▶ _WHAT IS REQUIRED_
Exact copy, no pictures: return only the lines below from the line with "Brand New!!! Details" up to and including the line with "W. SKU: DF1213.".

▶ _SUPPLIED ENTRIES_
-- Opening Marker --

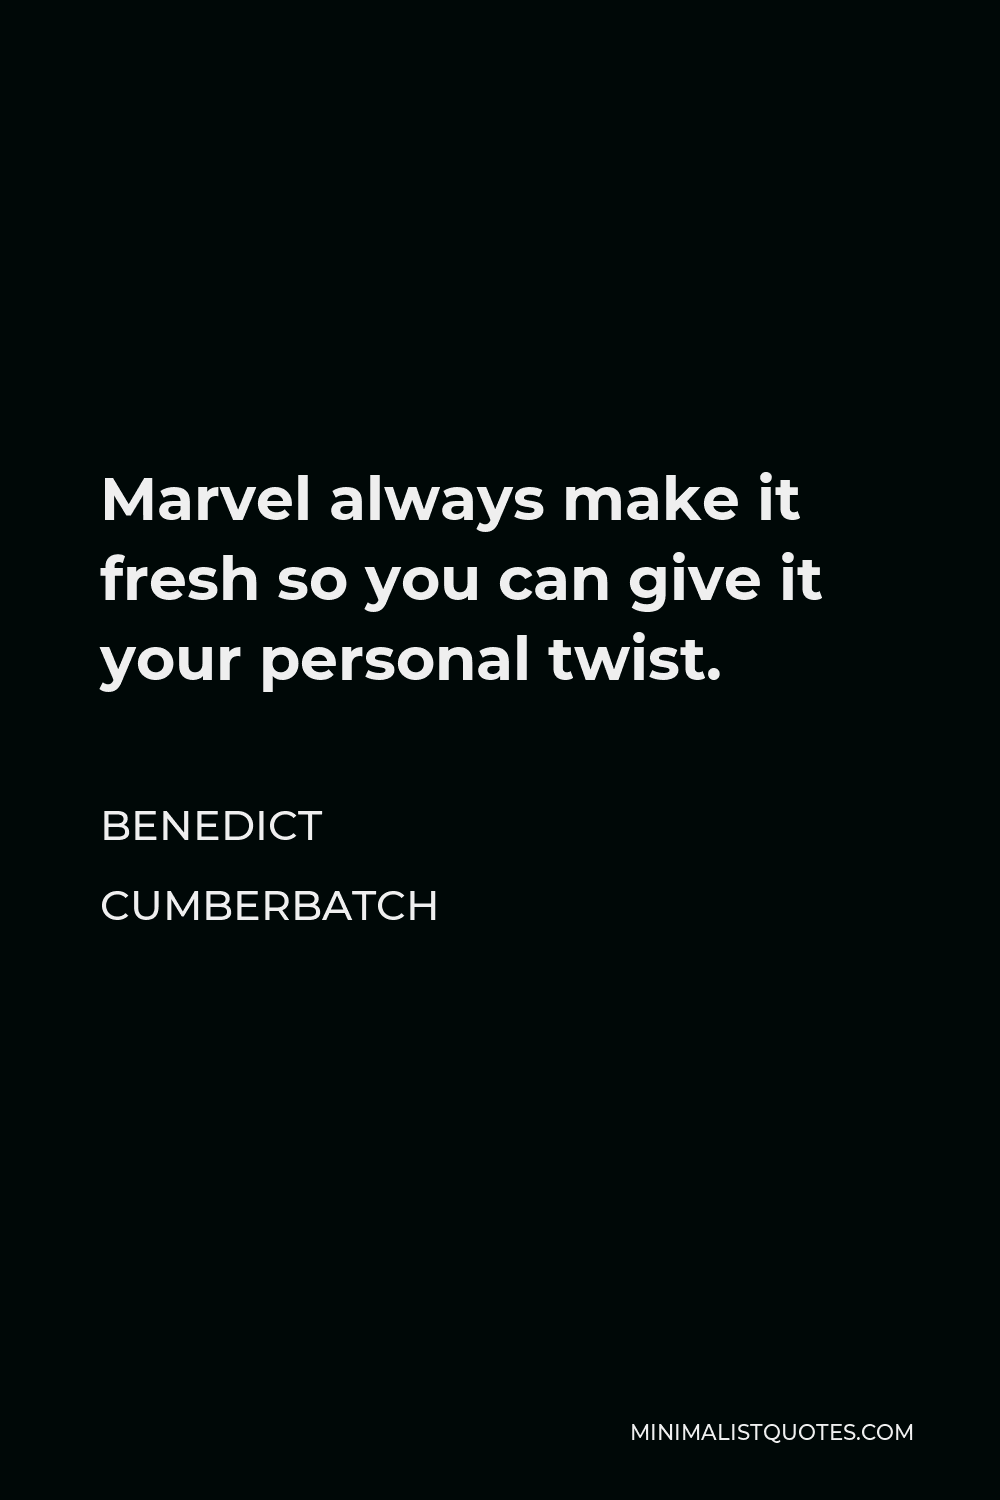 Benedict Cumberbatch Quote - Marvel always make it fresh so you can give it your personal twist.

-- Closing Marker --
-- Opening Marker --

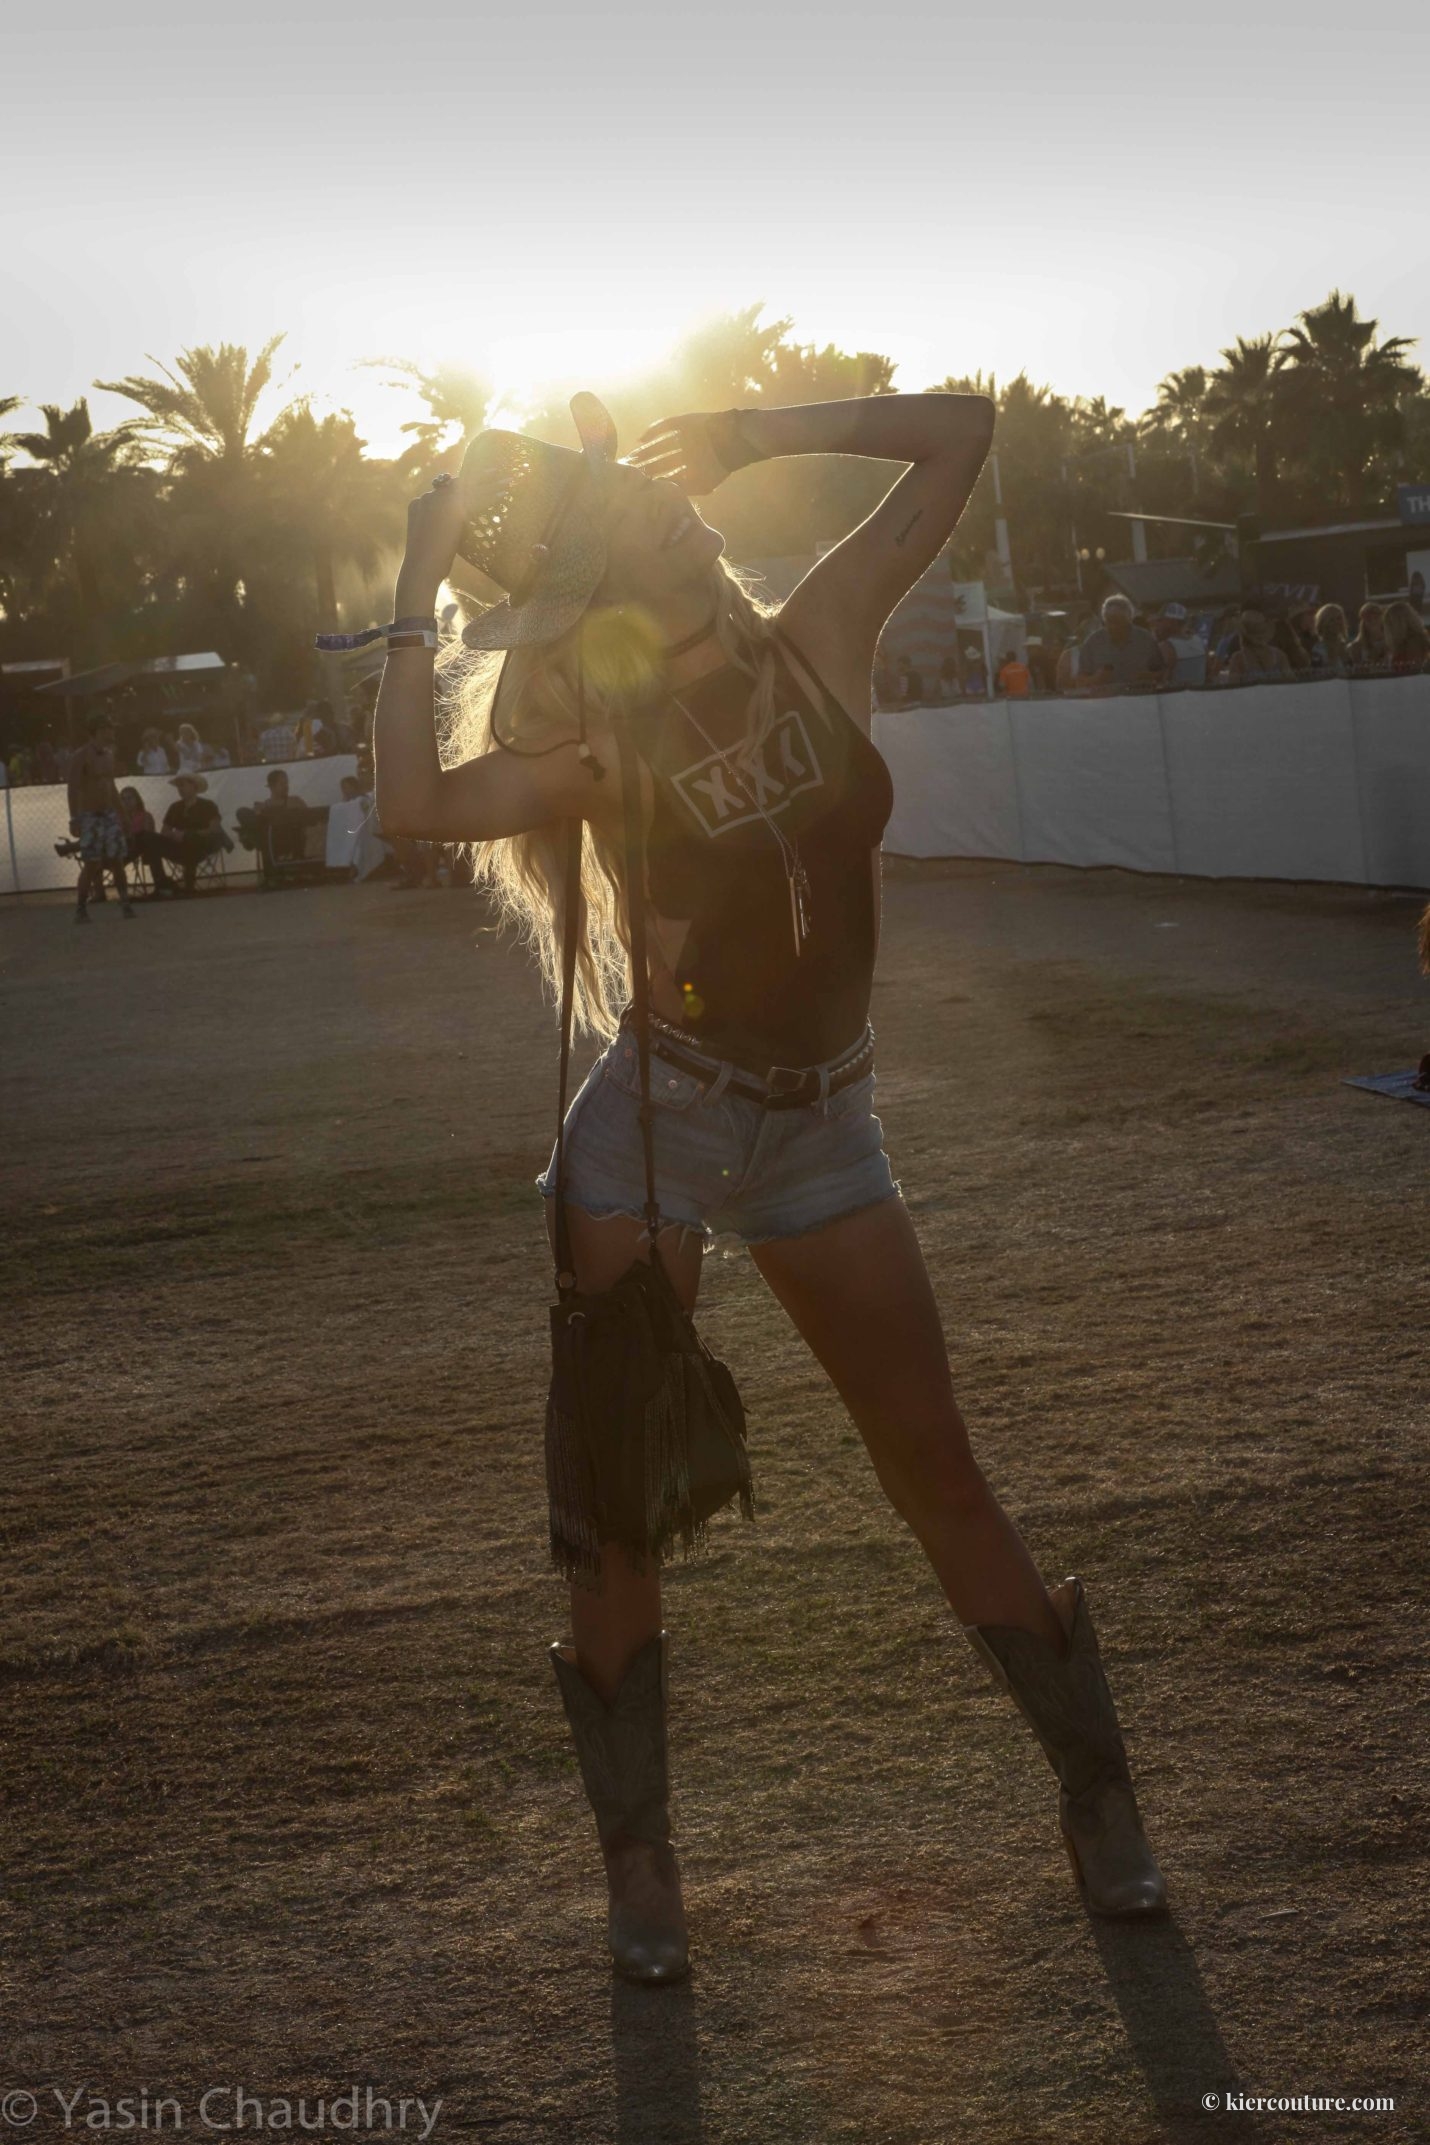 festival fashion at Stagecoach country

-- Closing Marker --
-- Opening Marker --

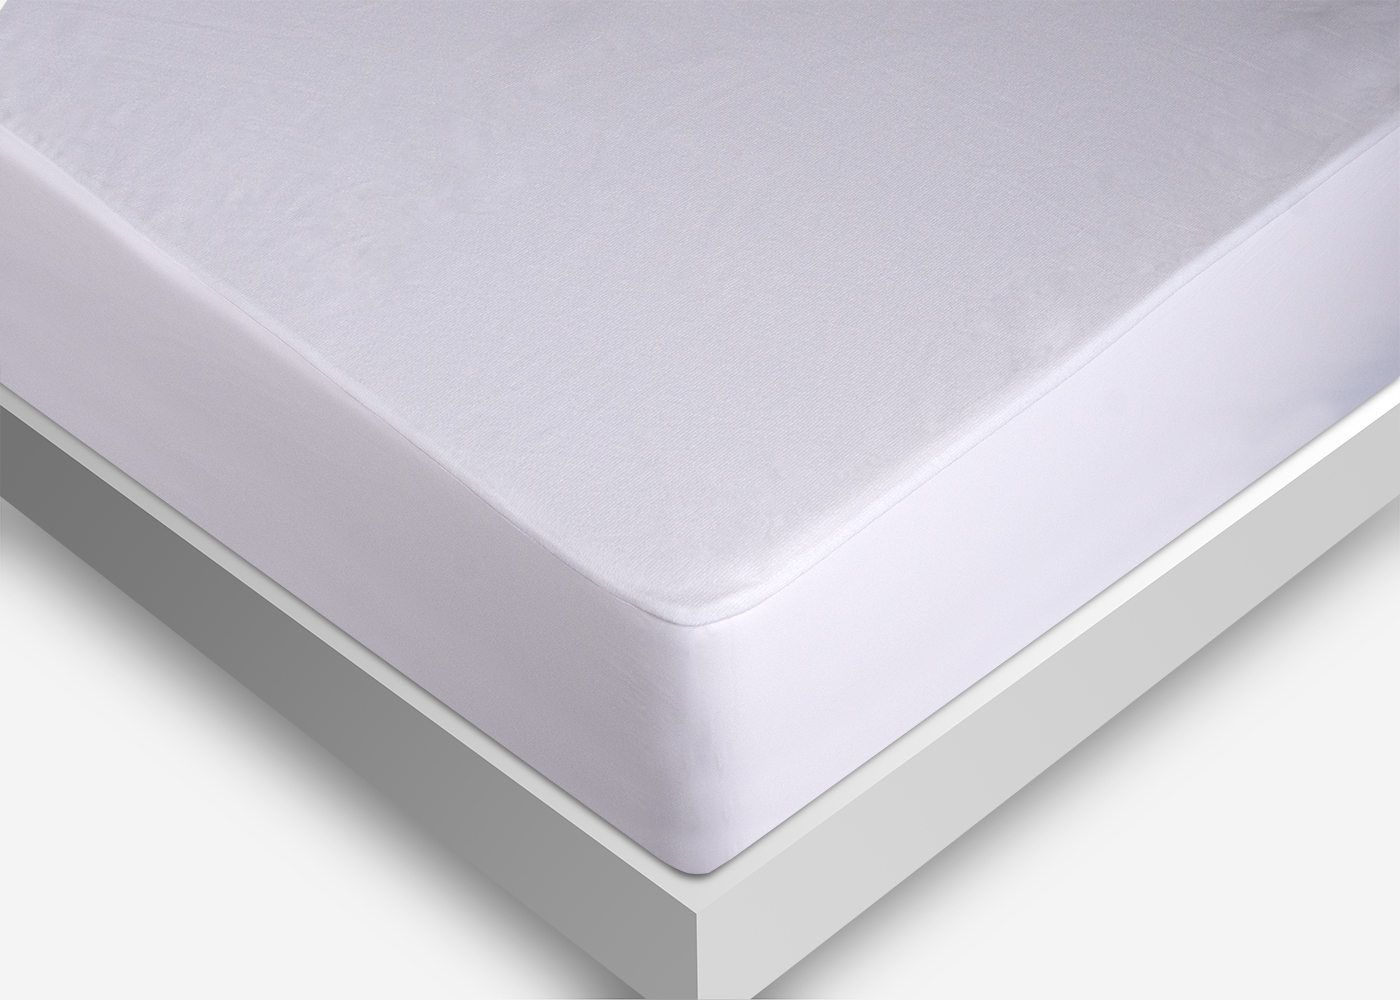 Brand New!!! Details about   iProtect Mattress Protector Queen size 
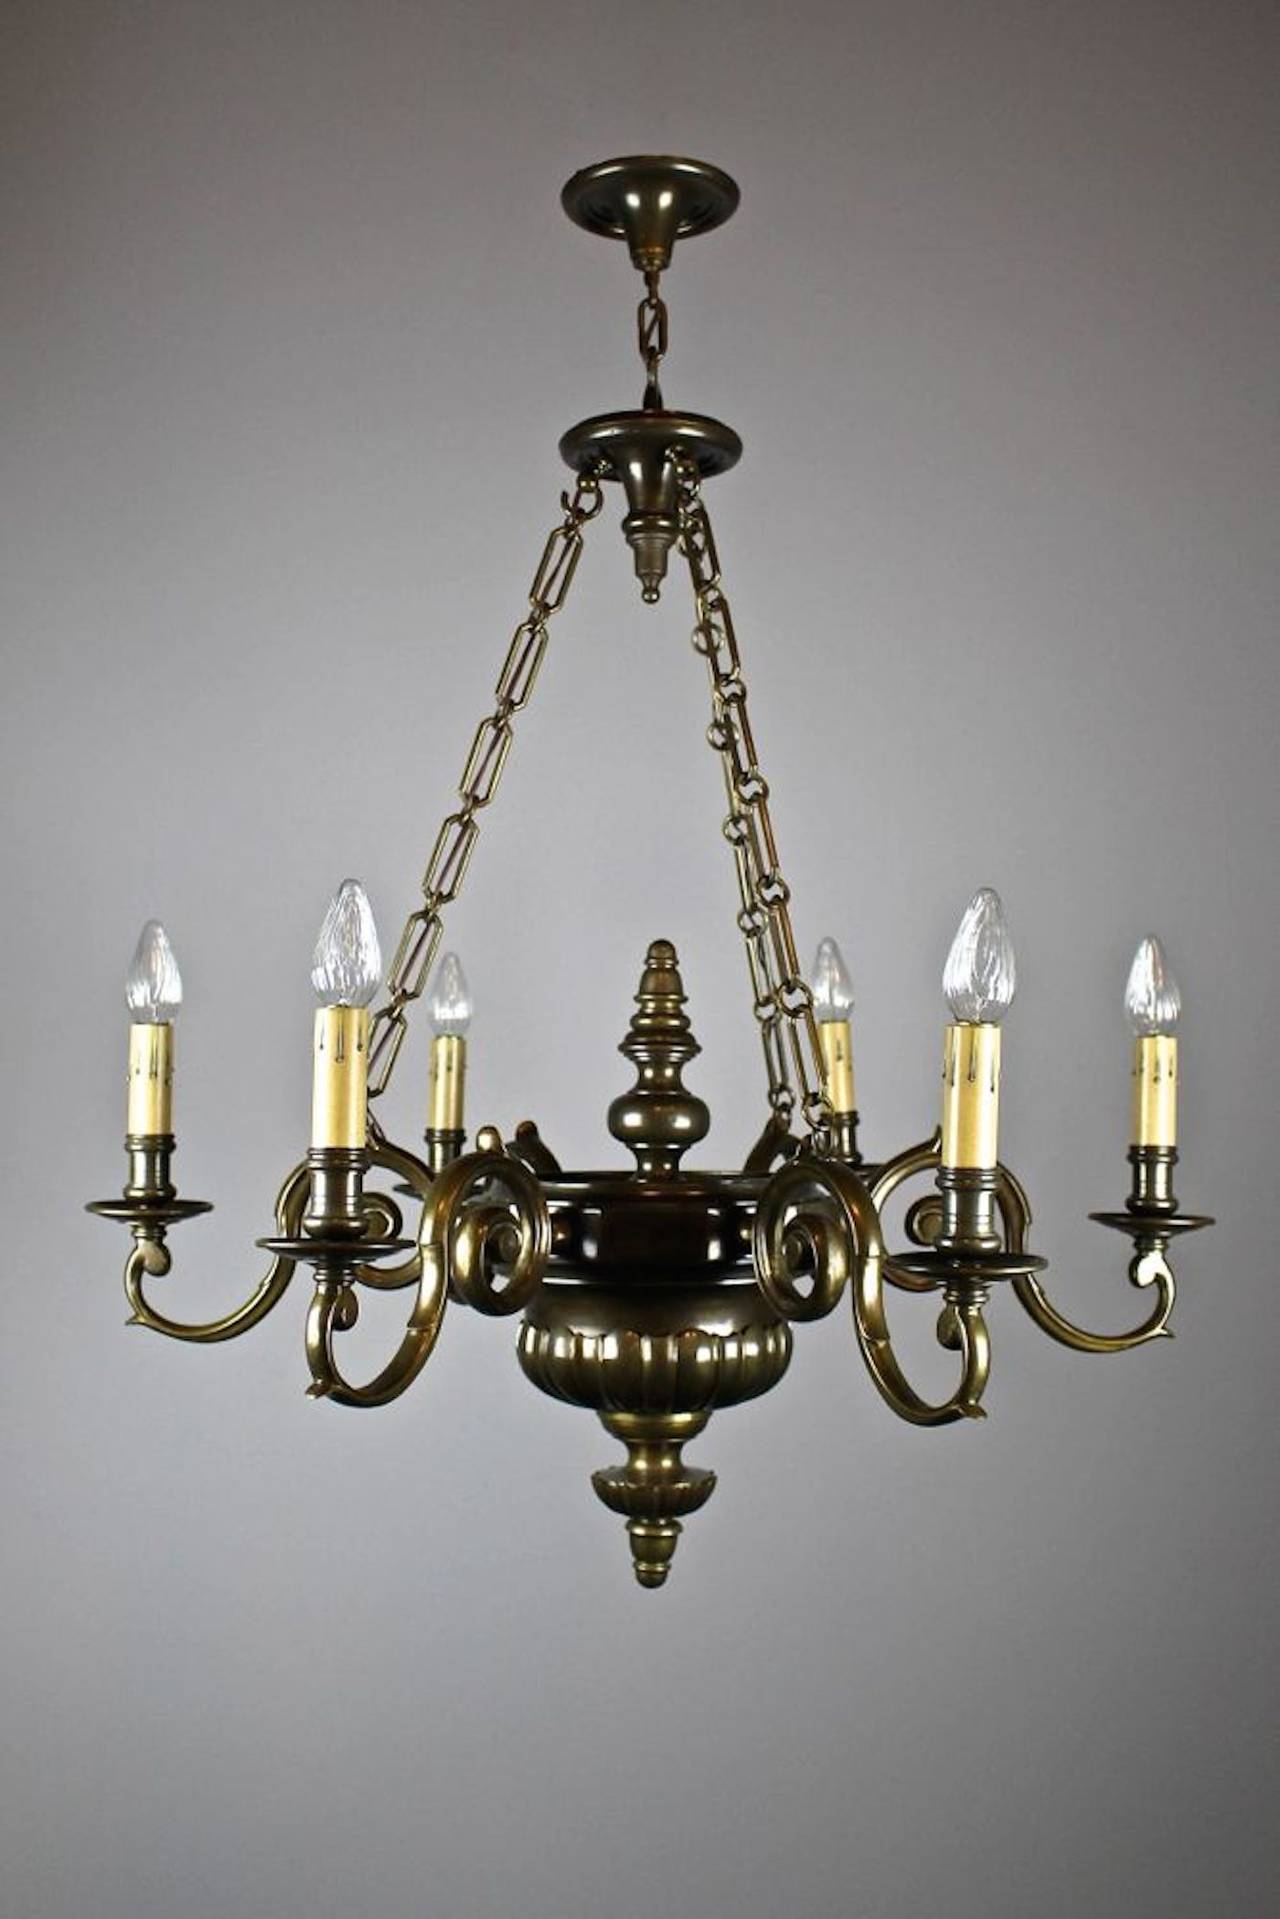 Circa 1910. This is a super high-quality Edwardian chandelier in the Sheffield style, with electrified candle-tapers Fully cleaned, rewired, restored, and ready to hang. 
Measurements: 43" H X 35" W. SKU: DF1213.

-- Closing Marker --

▶ _SOLVED EXERCISE_
 Brand New!!! Details about   iProtect Mattress Protector Queen size 
 Circa 1910. This is a super high-quality Edwardian chandelier in the Sheffield style, with electrified candle-tapers Fully cleaned, rewired, restored, and ready to hang. 
Measurements: 43" H X 35" W. SKU: DF1213.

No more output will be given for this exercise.